- SUPPLIED INFORMATION:
********************

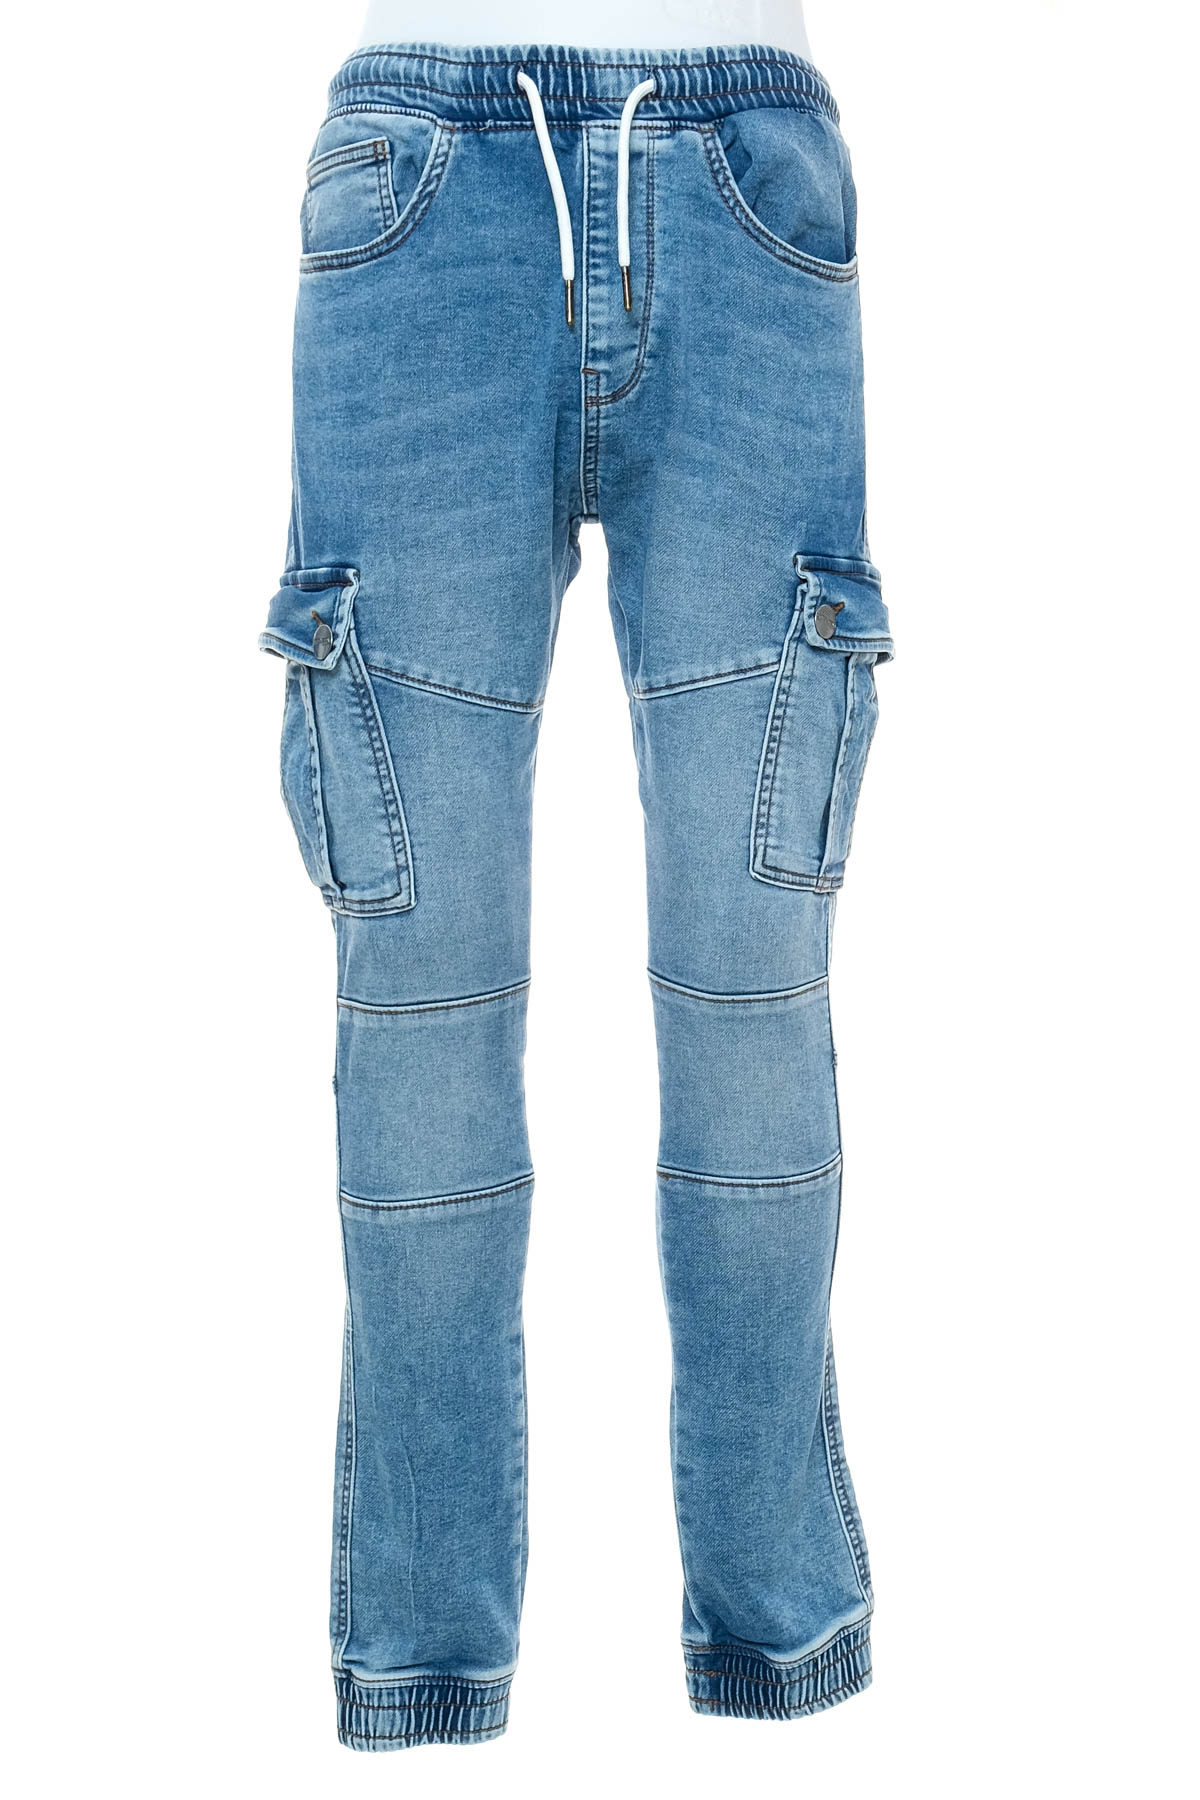 Men's jeans - Savvy - 0
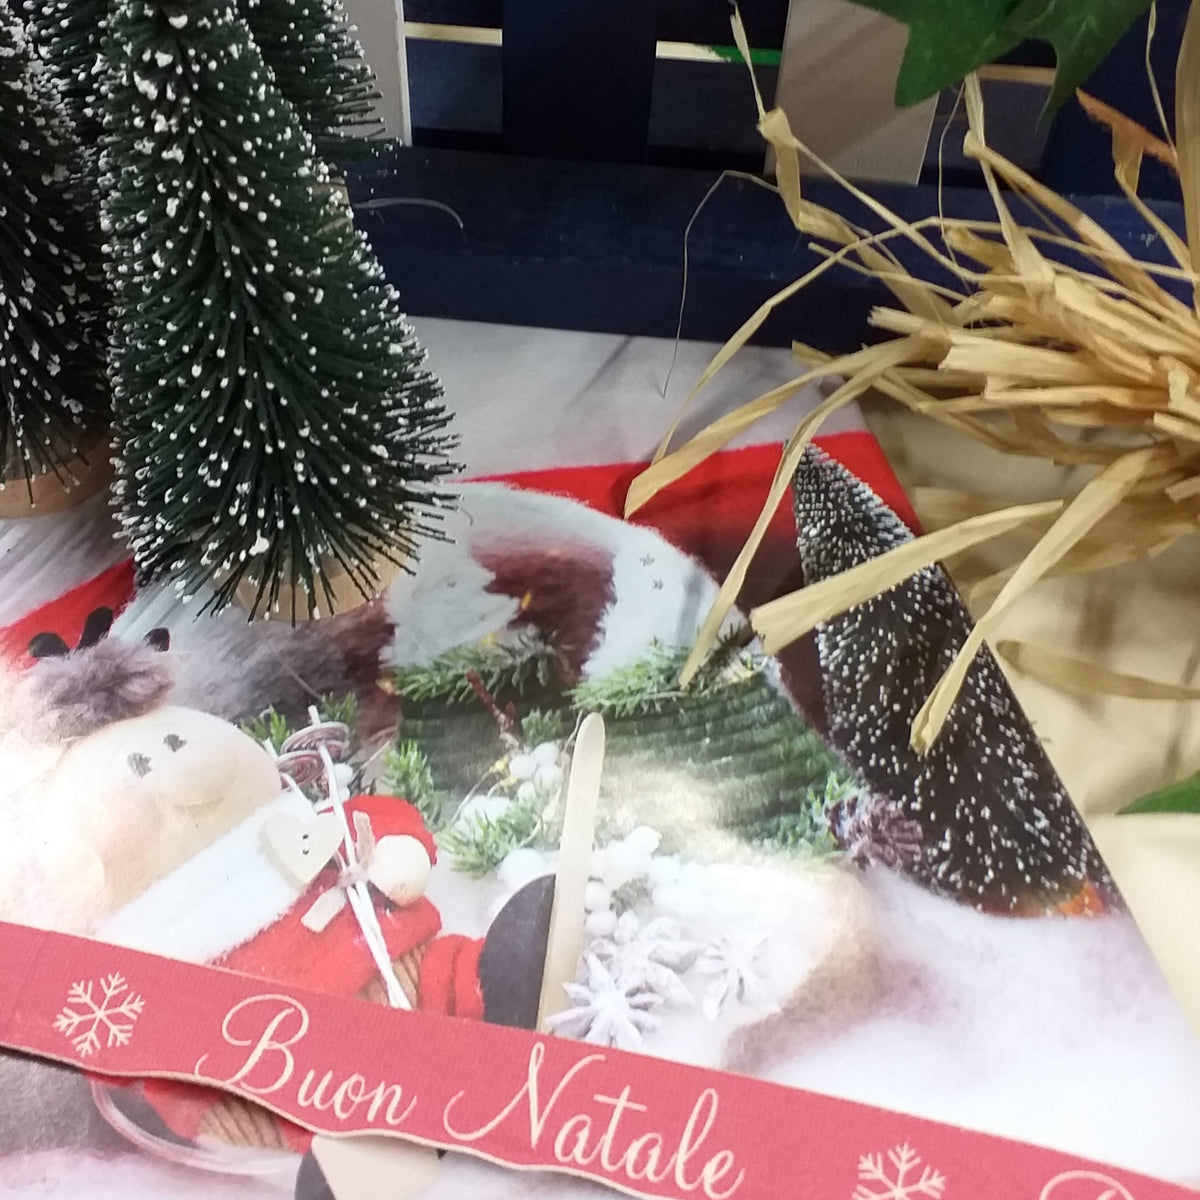 Cannella anice spezie decorazioni natalizie bomboniere biedermeier –  hobbyshopbomboniere
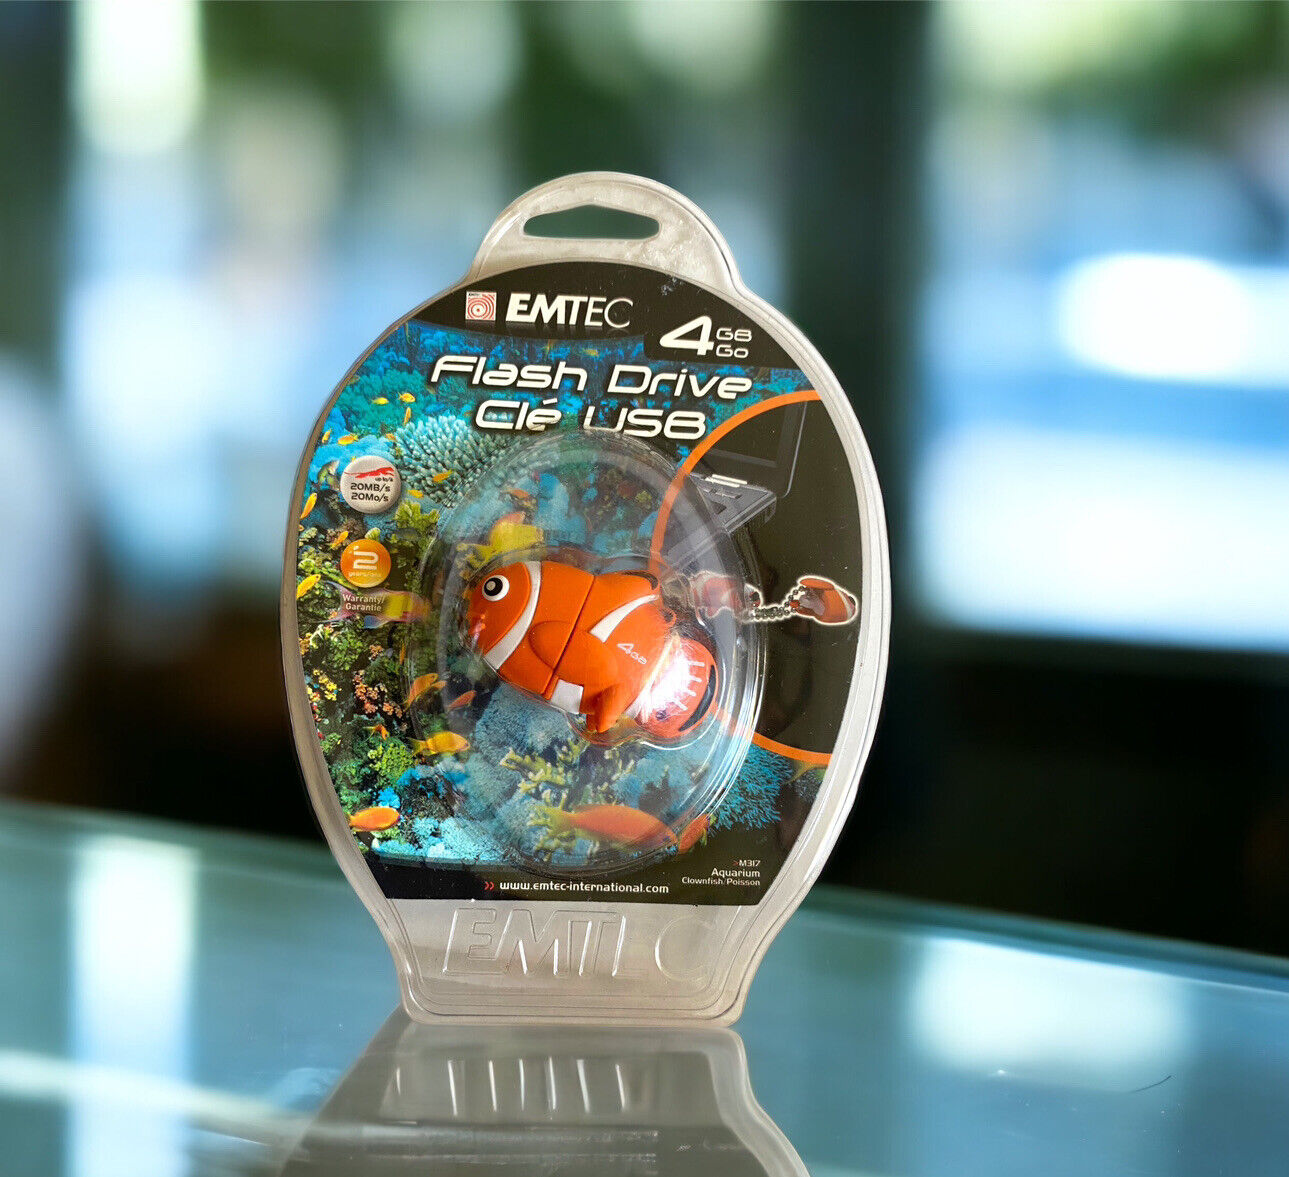 EMTEC Clownfish 4 GB USB Flash Drive factory sealed
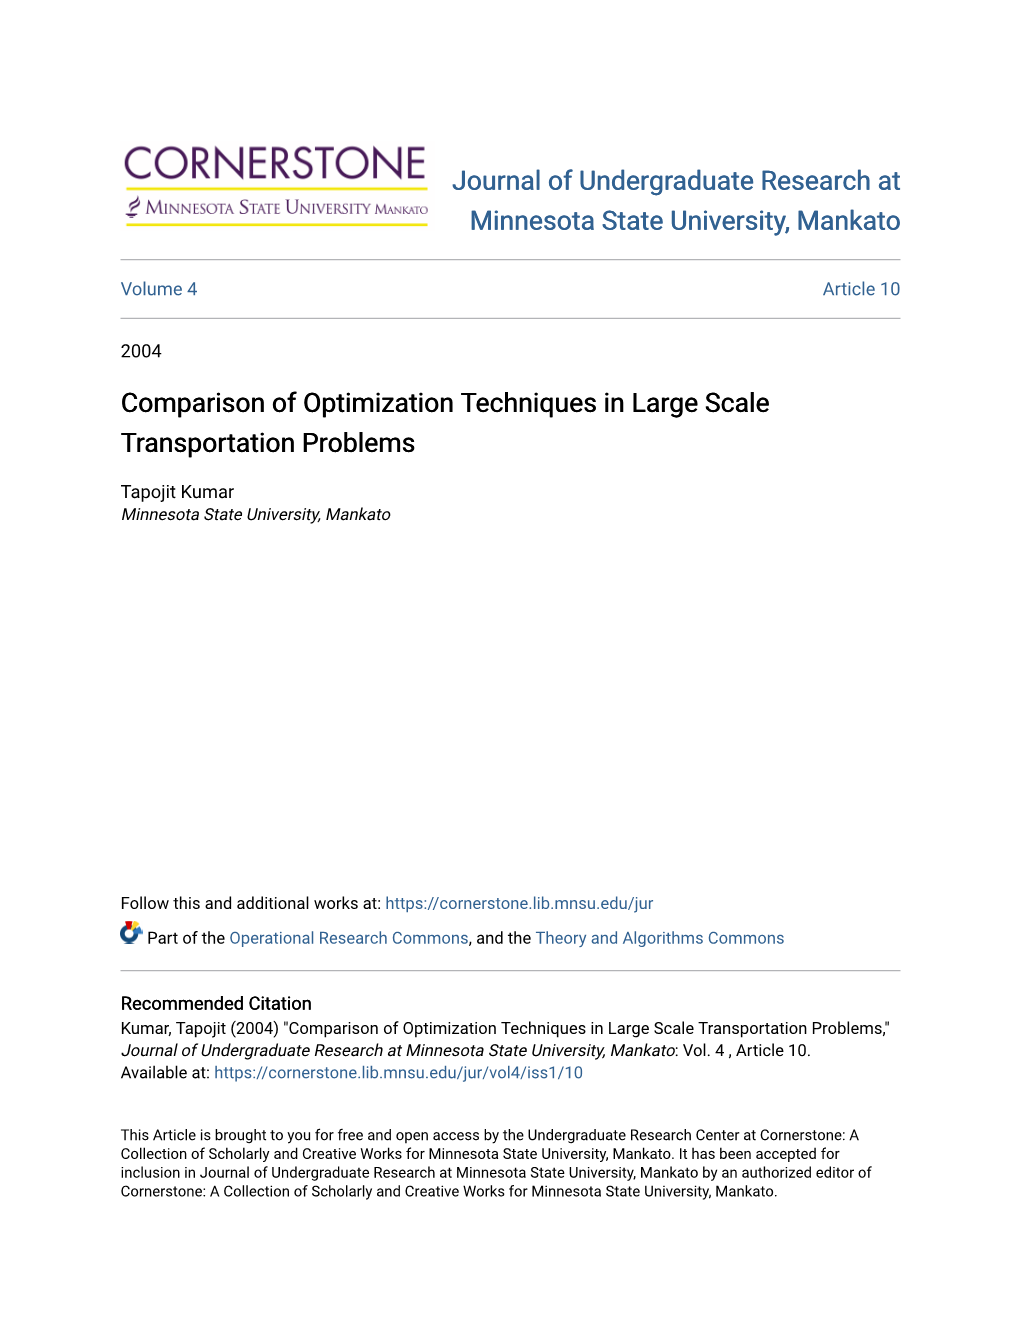 Comparison of Optimization Techniques in Large Scale Transportation Problems

********************

- WHAT THE TASK REQUIRES: Pictures aside, return all of the material exactly as written.

- TASK SOLUTION:
 Men's jeans - Savvy - 0
 Cannella anice spezie decorazioni natalizie bomboniere biedermeier –  hobbyshopbomboniere
 EMTEC Clownfish 4 GB USB Flash Drive factory sealed
 Comparison of Optimization Techniques in Large Scale Transportation Problems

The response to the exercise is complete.